La solution est le routage sélectif avec ip route2 et iptables mais je coince.
Voilà ma démarche:

1)Marquer les paquet grâce à la table mangle :
iptables -t mangle -I OUTPUT -o ppp0 -p tcp --sport 22 -j MARK --set-mark 22

Le résultat:
Chain OUTPUT (policy ACCEPT 10493 packets, 675K bytes)
pkts bytes target prot opt in out source destination
552 79772 MARK tcp – any ppp0 anywhere anywhere tcp spt:ssh MARK set 0x16

Les paquets sont donc bien marqués.
2) Créer une entrée dans le fichier /etc/iproute2/rt_tables

reserved values

200 ssh
255 local
254 main
253 default
0 unspec

local

#1 inr.ruhep

3. rajouter la règle de routage:
   ip rule list
   0: from all lookup local
   32765: from all fwmark 0x16 lookup ssh
   32766: from all lookup main
   32767: from all lookup default

4. la table de routage sélective :
   ip route show table ssh
   default via 217.128.214.63 dev ppp0

Lorsque je connecte de l’extérieur, je vois repartir des paquets sur ppp1???

tcpdump -i ppp1 -n -t tcp port 22
tcpdump: verbose output suppressed, use -v or -vv for full protocol decode
listening on ppp1, link-type LINUX_SLL (Linux cooked), capture size 65535 bytes
IP 217.128.xxx.xxx.22 > 37.161.bbb.ccc.35291: Flags [S.], seq 2127963651, ack 592174929, win 14160, options [mss 1416,nop,nop,sackOK,nop,wscale 6], length 0

Est-ce bien sur la chaîne OUTPUT que je dois marquer les paquets car c’est peut être trop tard.
J’ai essayé d’autre marquages mais dans ce cas ils ne sont pas modifiés.

Merci de votre aide.

Merci d’utiliser les balises “Code” pour les commandes, fichiers et dessins en ASCII art.

Comme je l’avais déjà écrit dans ton sujet précédent, la solution la plus simple est le routage basé sur l’adresse source.
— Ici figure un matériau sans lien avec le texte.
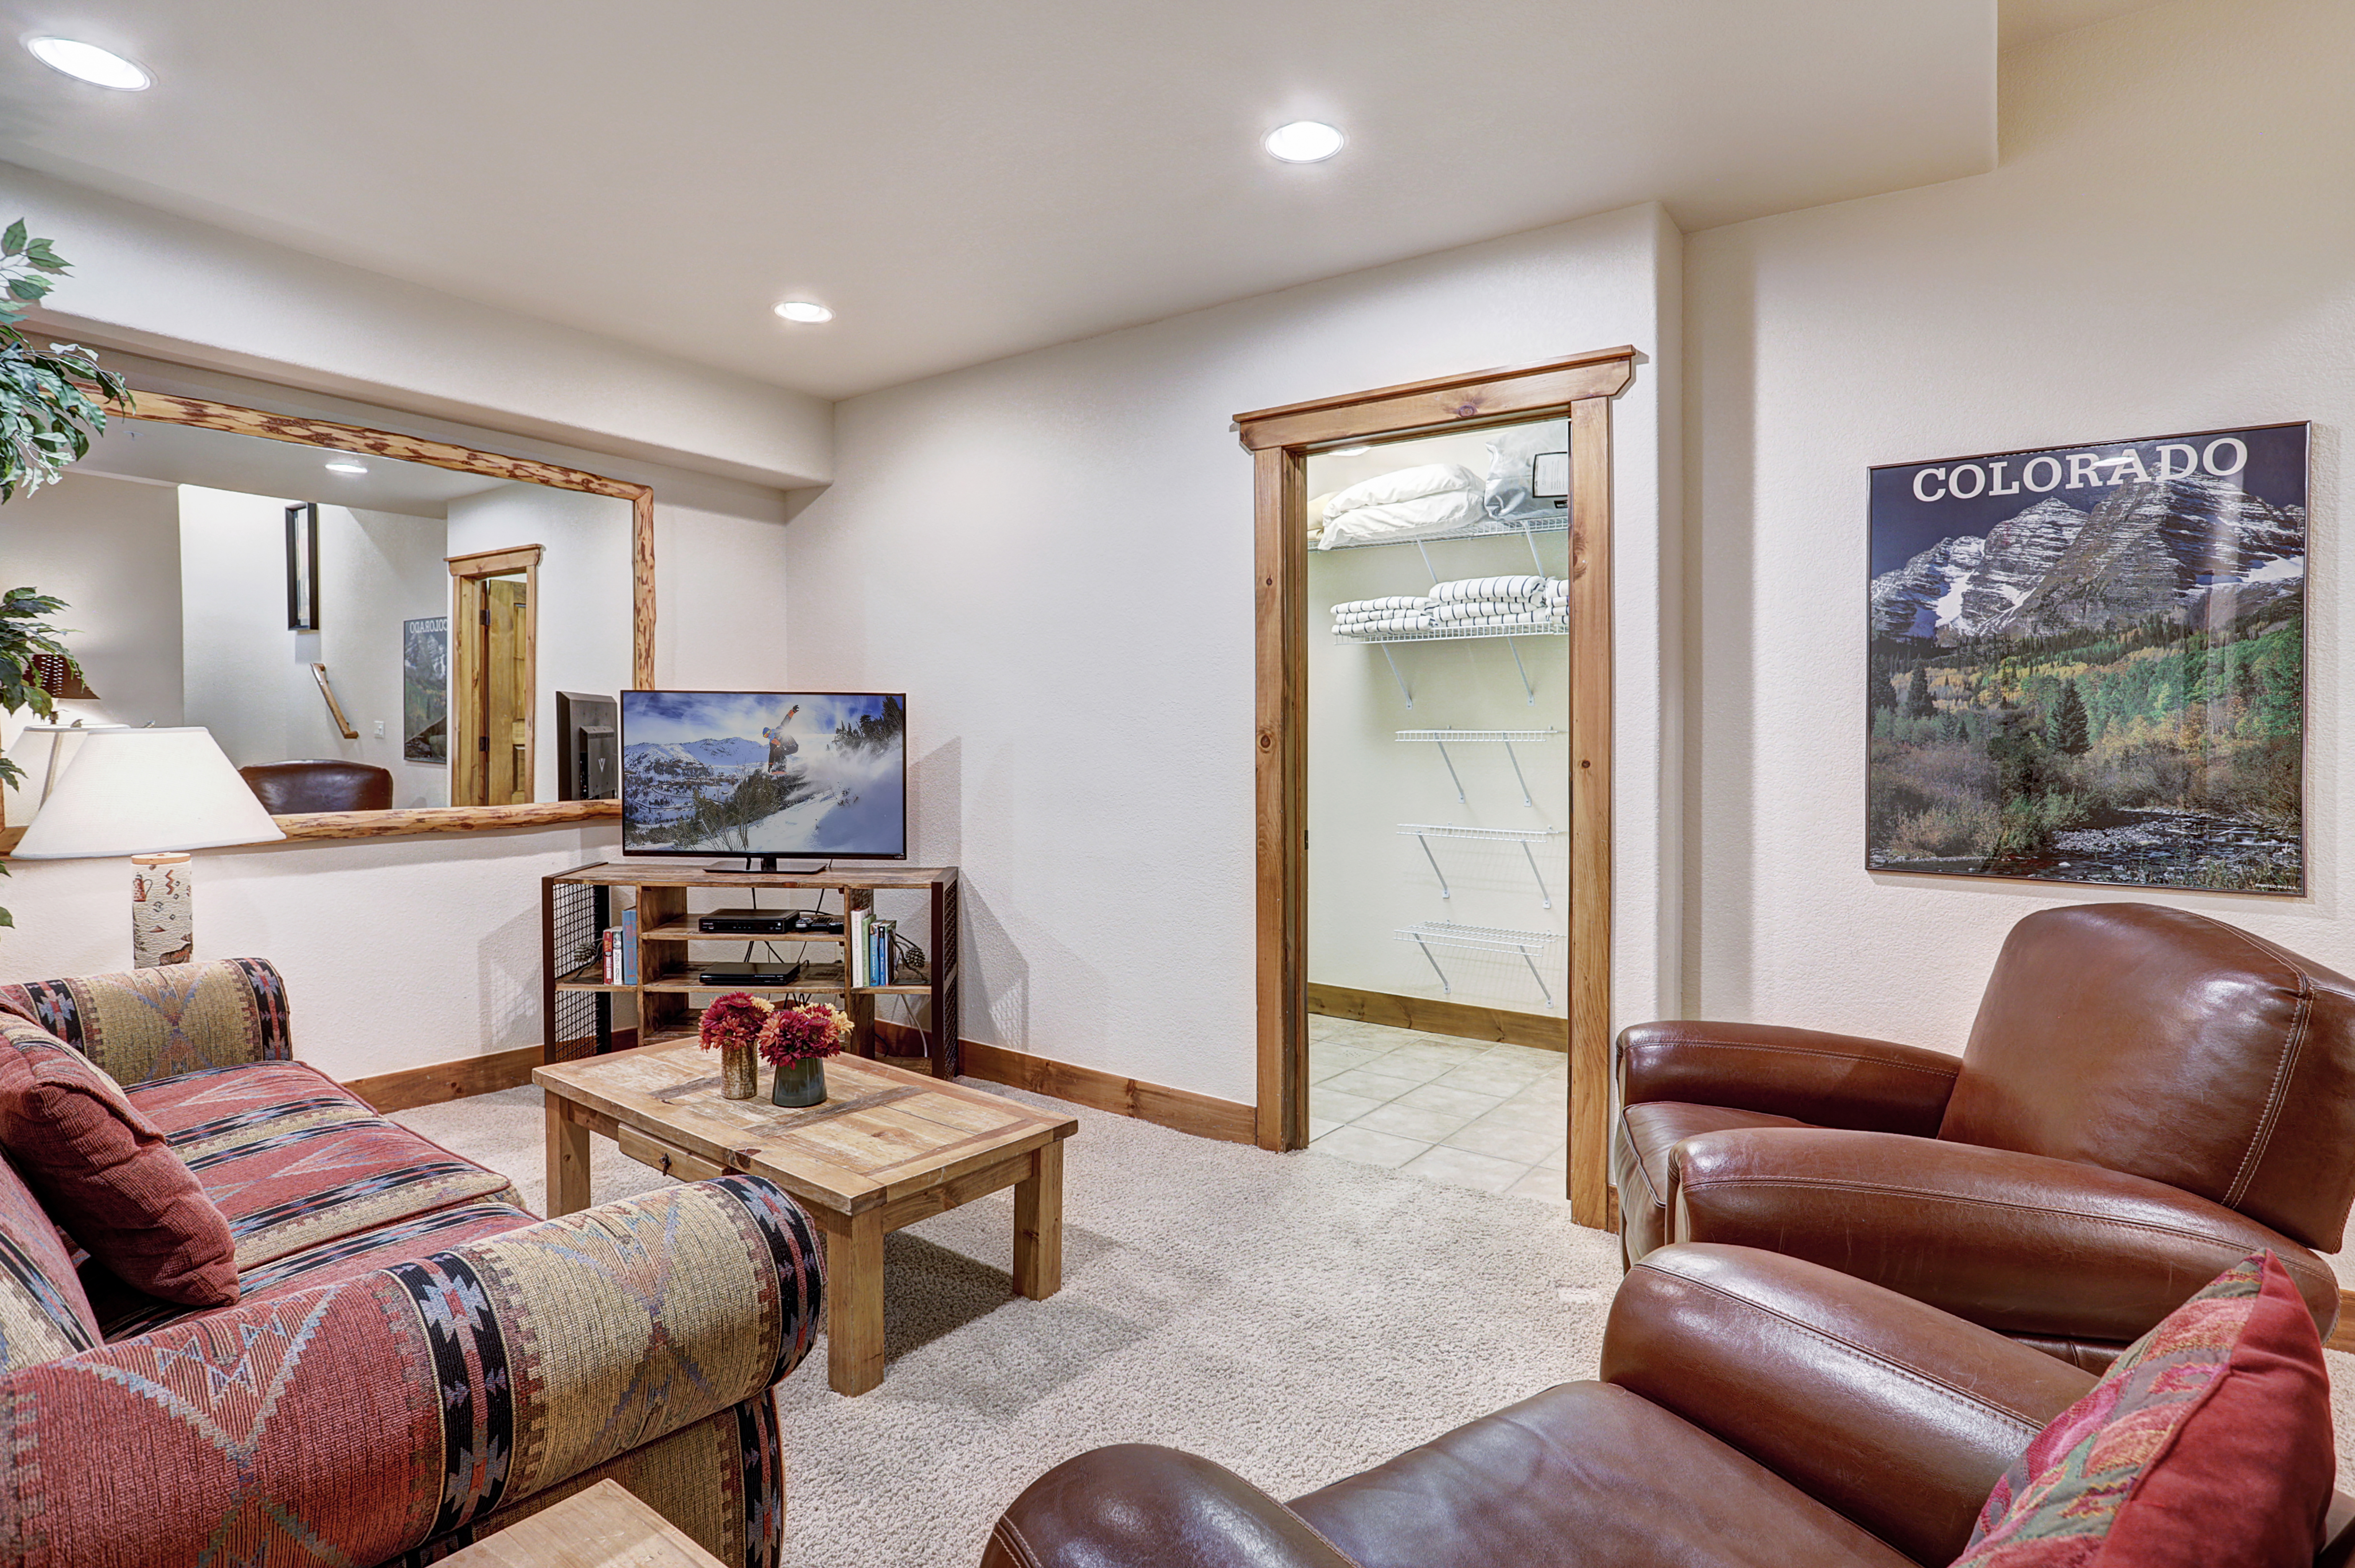 Watch a movie with friends and family in this lower level living space - Amber Sky Breckenridge Vacation Rental

Pas besoin d’iptables.
Si le paquet a l’adresse source de ppp0, alors forcer le routage par ppp0.
Si le paquet a l’adresse source de ppp1, alors forcer le routage par ppp1.

ip rule add from $IP_ppp0 table tab_ppp0 ip rule add from $IP_ppp1 table tab_ppp1
Je te laisse compléter les tables de routage.
PS : pas besoin de spécifier d’adresse de passerelle avec une liaison point à point, l’interface suffit.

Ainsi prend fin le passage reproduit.